Everything changes when a young woman named Dahj comes into Picard’s life. She has seen him in her mind’s eye after a failed attack on her by masked assailants. The retired captain does some poking around and realizes who Dahj is and how she is connected to him. But how she came to be and why she is pursued by heavily armed assassins is unclear. What Picard does know is that answers lie off Earth, and he is the only person in the Federation who can uncover the truth.
I am so thrilled I did a watch through of the Best of The Next Generation and the films last year. Having those stories fresh in my mind did a lot to help contextualize and heighten the experience of watching this excellent first episode. I was most curious to know how things had changed in the Federation since the snippet we got in the Abrams’ reboot about Romulus’s destruction. I knew that an event like that was bound to have significant repercussions and was glad that it massively affected Picard’s life. There was an evident bond between Picard and the Romulan people, particularly those seeking peace with the Federation. While Picard has come to feel rejected by Starfleet, he is now welcomed as a comrade by Romulans.
Grounding the captain and setting this opening episode on Earth also helped with worldbuilding the future. Most Trek series are in deep space, so we only get glimpses of what life is like back on our homeworld. It was neat to see the French countryside, downtown Boston, and San Francisco in this distant future. The media interview with Picard added some interesting bits in how these sorts of pieces are conducted. The hint that holographic AI is used as a replacement for synthetics has me interested. I suspect the show will develop more of that Martian attack narrative as the cause is still unknown, well at least Starfleet claims it is.
Every time Patrick Stewart is on screen, I was utterly captivated.

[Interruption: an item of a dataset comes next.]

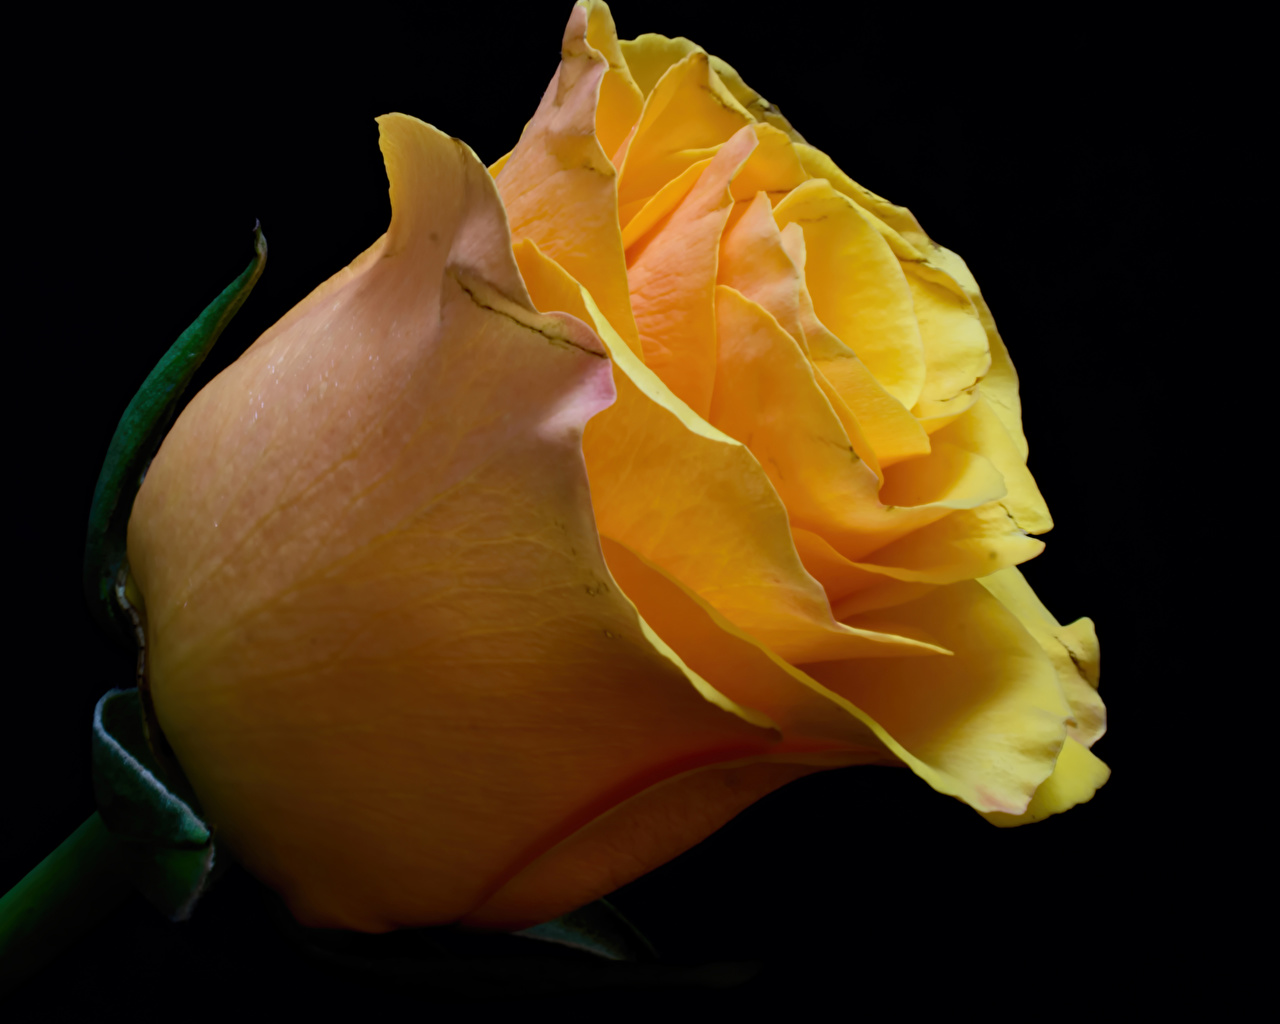 Fotos Rose Gelb Blumen Großansicht Schwarzer Hintergrund Rosen Blüte hautnah Nahaufnahme

He is such a brilliant actor, and I am entirely in the camp of pro-Picard over Kirk. Picard is so beautifully complex, highly principled, and developing as a social being. I suspect Stewart brought some of his own personal emotional growth to the captain as he was physically abused as a child by his alcoholic father. That sort of treatment can often lead to withdrawals socially. When you go back to those early days of The Next Generation and see his visible discomfort with pressing the meat versus the more human warmth he exudes in his retirement, it feels like you’ve been watching a real person this whole time. I would argue that Picard will go down as one of the greatest characters in media of all-time.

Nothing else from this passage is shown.